* **Work instruction**
Of the entries below, return exactly those lines that fall between the one containing "Jean-Christophe Grangé: Le" and the one containing "vlanasia-logo-Transparent-04", the two end lines included.

* **Data records**
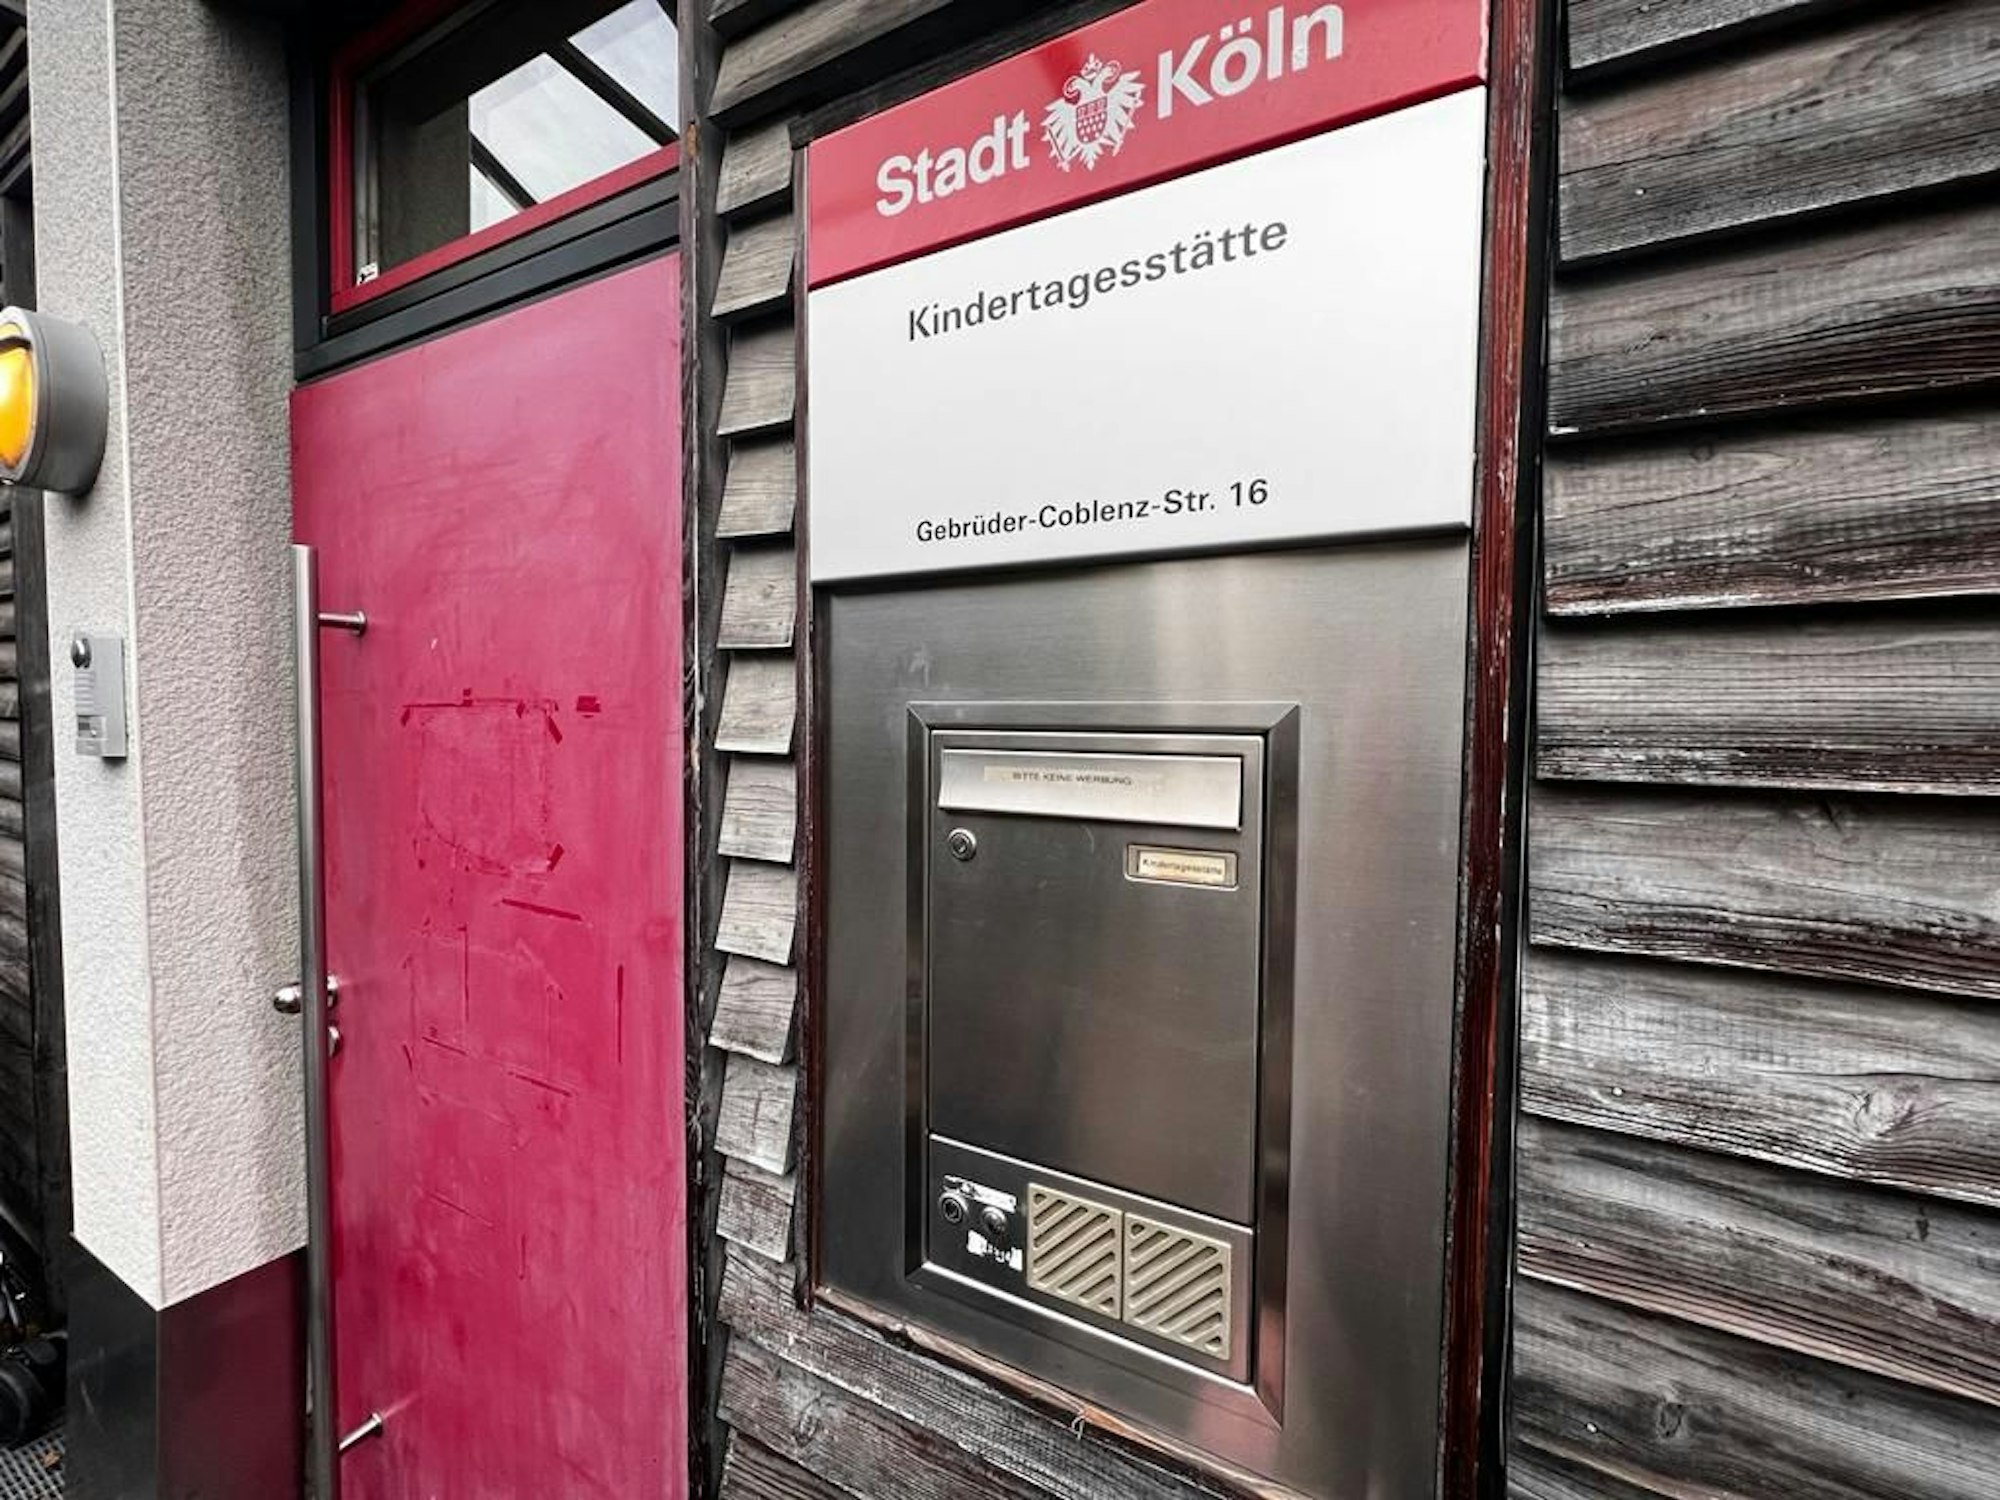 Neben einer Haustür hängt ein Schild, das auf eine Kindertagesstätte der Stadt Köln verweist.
--
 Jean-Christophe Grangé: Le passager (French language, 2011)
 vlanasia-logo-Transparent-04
==
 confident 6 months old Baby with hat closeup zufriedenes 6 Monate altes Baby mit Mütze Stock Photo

* **Task answer**
 Jean-Christophe Grangé: Le passager (French language, 2011)
 vlanasia-logo-Transparent-04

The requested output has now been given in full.